When we talk about lighting, very often we are speaking about performance, intelligent lighting, communication, size, and design. This is natural, as these characteristics are central to the main safety and style functions of car lights as directly seen by the final customers. But to achieve these results, a lot of hidden work is done upstream, especially with the materials integrated for the realisation of lighting systems.
A great big variety of material is required to build today’s advanced lighting systems, unlike past lamps made of glass and steel, glass and a single type of plastic, one type of polycarbonate and one type of plastic, or even just glass alone in the case of the sealed beam headlamp. Plastics have now supplanted many other materials—we have polypropylene and ABS and PEI for lamp housings, thermoset or polycarbonate for reflectors, polycarbonate and PMMA for lenses, and so on. A long evolution, sometimes needing changes to the regulations, was necessary to go from yesterday’s thick and heavy glass and steel lamps to today’s thinner, lighter, and more variously styled products.
This evolution is far from finished. As rules are becoming more and more restrictive for CO2 emissions, weight is again a decisive factor.
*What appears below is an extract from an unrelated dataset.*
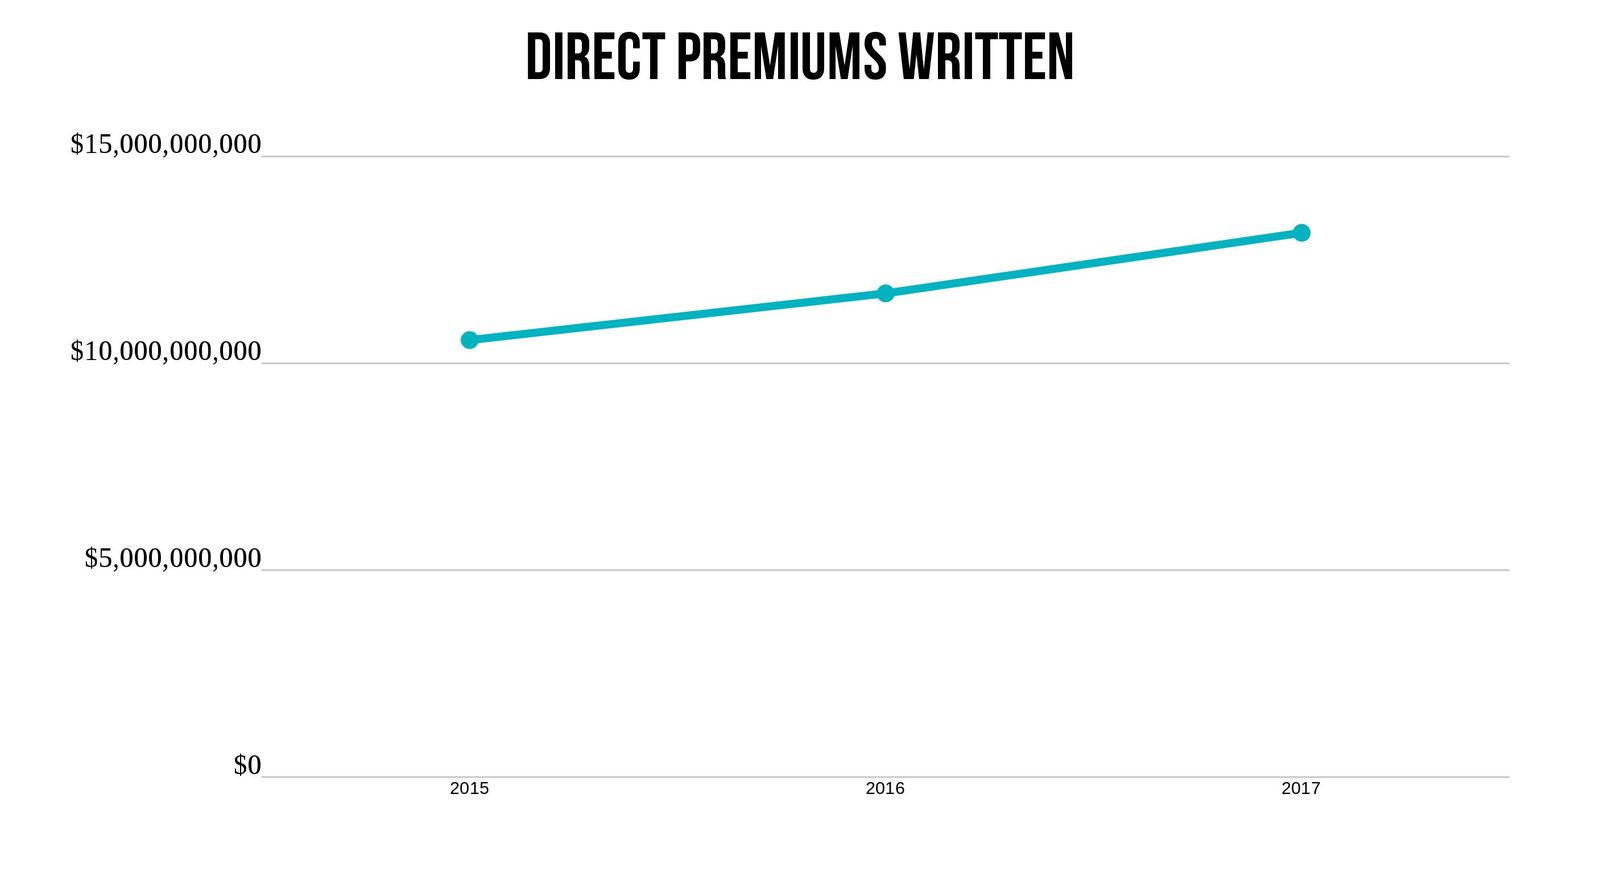 USAA premiums written trend
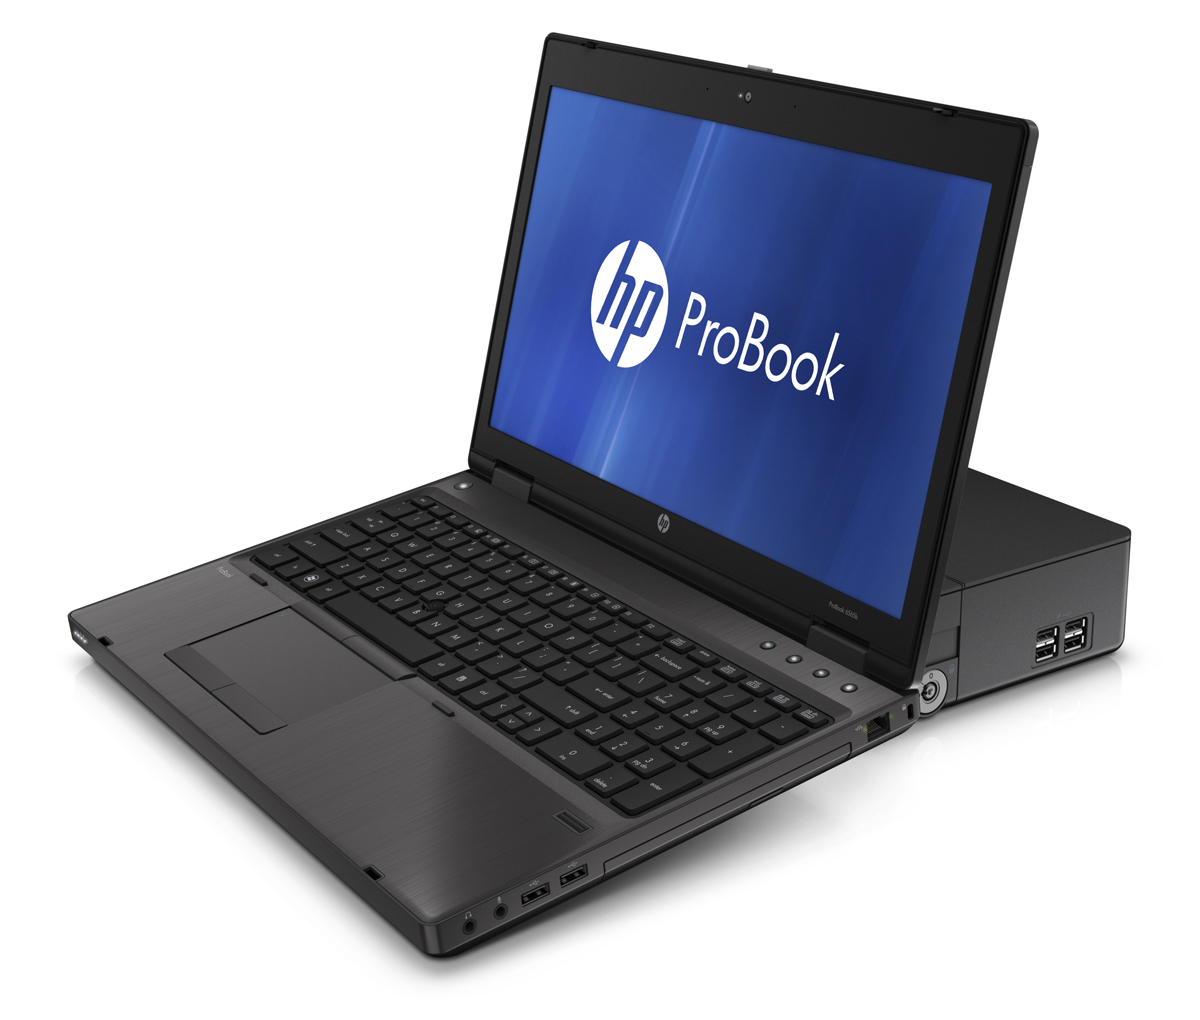 Intel Amd In Hp Notebook Smackdown • The Register

In their last report in 2018, the European Federation for Transport and Environment estimated that each increase of 12.4 kg in a car means another 1 g/km of CO2. Each additional g/km of CO2 is becoming so expensive for car makers that new solutions to decrease the weight of parts, including lighting systems, is urgently required. And so the materials industry steps up to help set makers and car makers achieve their lightweighting targets.
But plastic material are not the only ones used. Heat sinks for LEDs are often made of aluminium or magnesium; glass and silicones are often used for the most advanced matrix beams’ primary optics; selectively-permeable membranes are necessary for efficient condensation control, and many other small components and subcomponents contain other-than-plastic materials. And that’s not even to mention the materials used in construction of LEDs, OLEDs, lasers, and other suchlike—those materials are outside the scope of this present report.
After a brief history, this report presents the main materials used currently in vehicle lighting with their main properties. It describes the material needs for the main parts of lighting systems, and the technical and economic benefits and drawbacks for the various material choices. For each type of material, main suppliers are outlined; some of them are more comprehensively presented in the last chapter, and there are interviews with managers.
So, we wish you an enjoyable and informative reading of this report. It may be a bit on the long side, but it’s packed with information usually not readily available about materials for vehicle lighting.